Millennials did not invent the Internet. Nor, for that matter, did Generation X’ers.
Yet why are so many of us in the media surprised Baby Boomers are online? Here’s just the latest bit of evidence, from eMarketer:
Baby Boomers Lead Pharma Online Script Fulfillment
More consumers are filling their prescriptions online, with a surprising demographic leading that digital consumer transition — baby boomers, an age group most likely to have ongoing prescription needs.
I, for one, am not surprised. But maybe that’s because I’m a (late) Baby Boomer — one who began his career tapping out high-school sports stories on an early-model word processor at a local daily newspaper. This was all the way back in 1980-81. (By the way in those days we also used a “TC” (telecommunication) machine that basically presaged modems and email, as our beat writer for the local Major League Baseball team dispatched the text of his nightly game coverage from far-off American League outposts like Anaheim and Dallas — like magic.)

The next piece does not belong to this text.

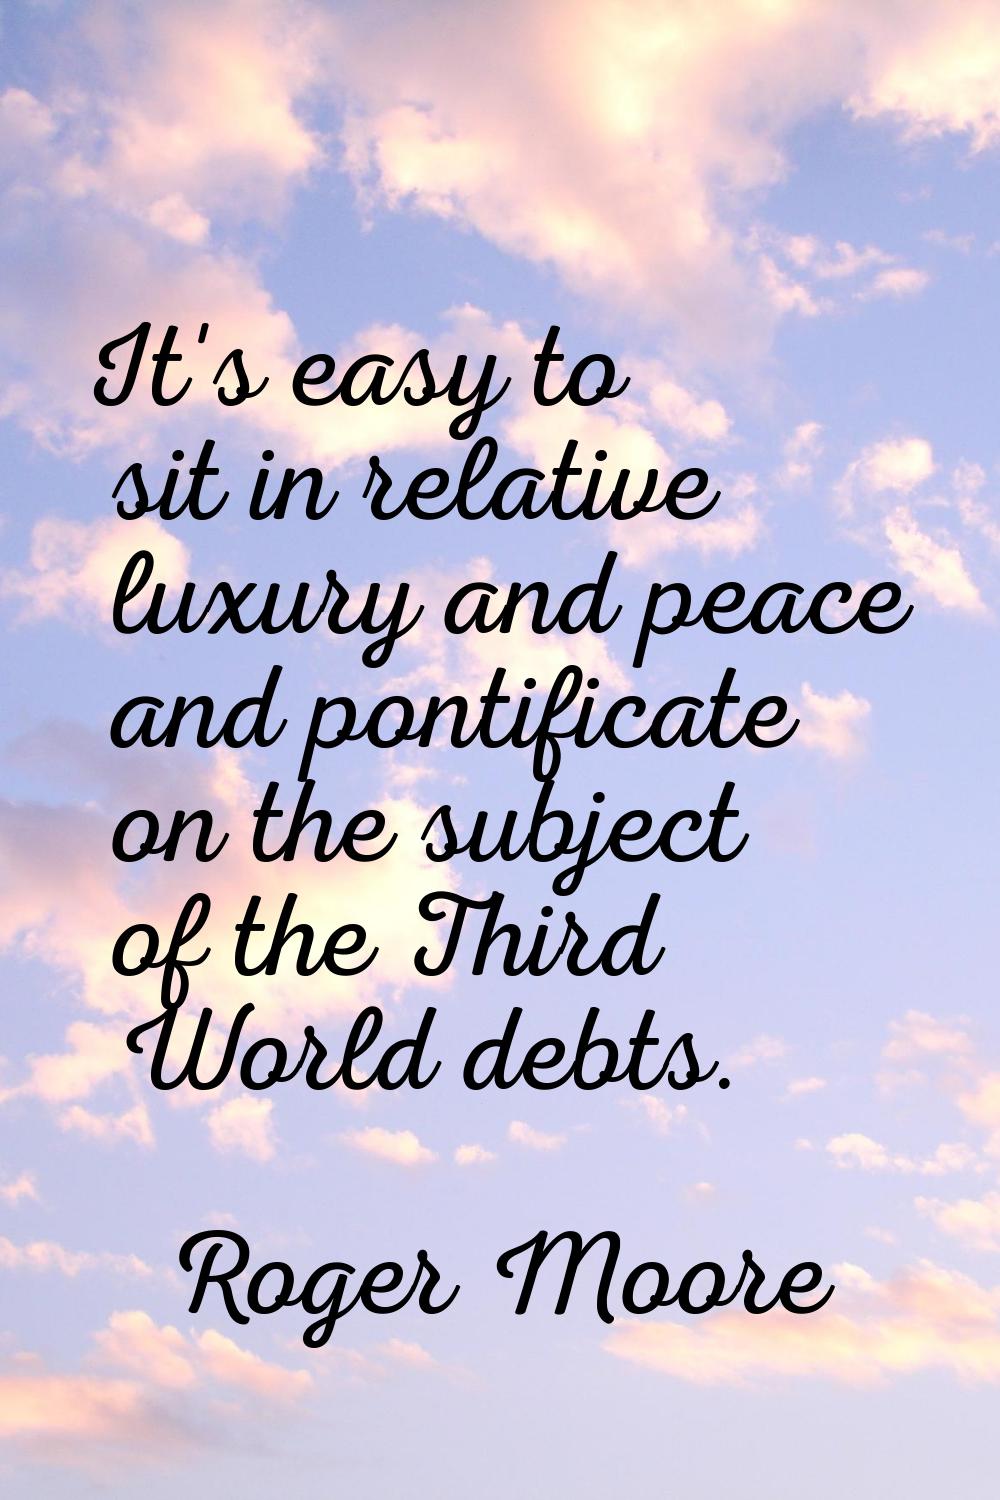 It's easy to sit in relative luxury and peace and pontificate on the subject of the Third World deb

A decade or so later, we of the same generation ushered in the era of desktop publishing which essentially did for paper media what web CMS’s do today for online media.
Are Baby Boomers as uniformly acclimatized to digital devices as their younger counterparts? No. But I think a lot of unwarranted “surprises” are straight ahead about who’s using online services. Few of us, at any age, are exempt from enjoying online conveniences — and the boom in tablets and their point-and-push interfaces are going to make this truer by the day. Blanket statements about an assumed correlation between age and technology need not apply.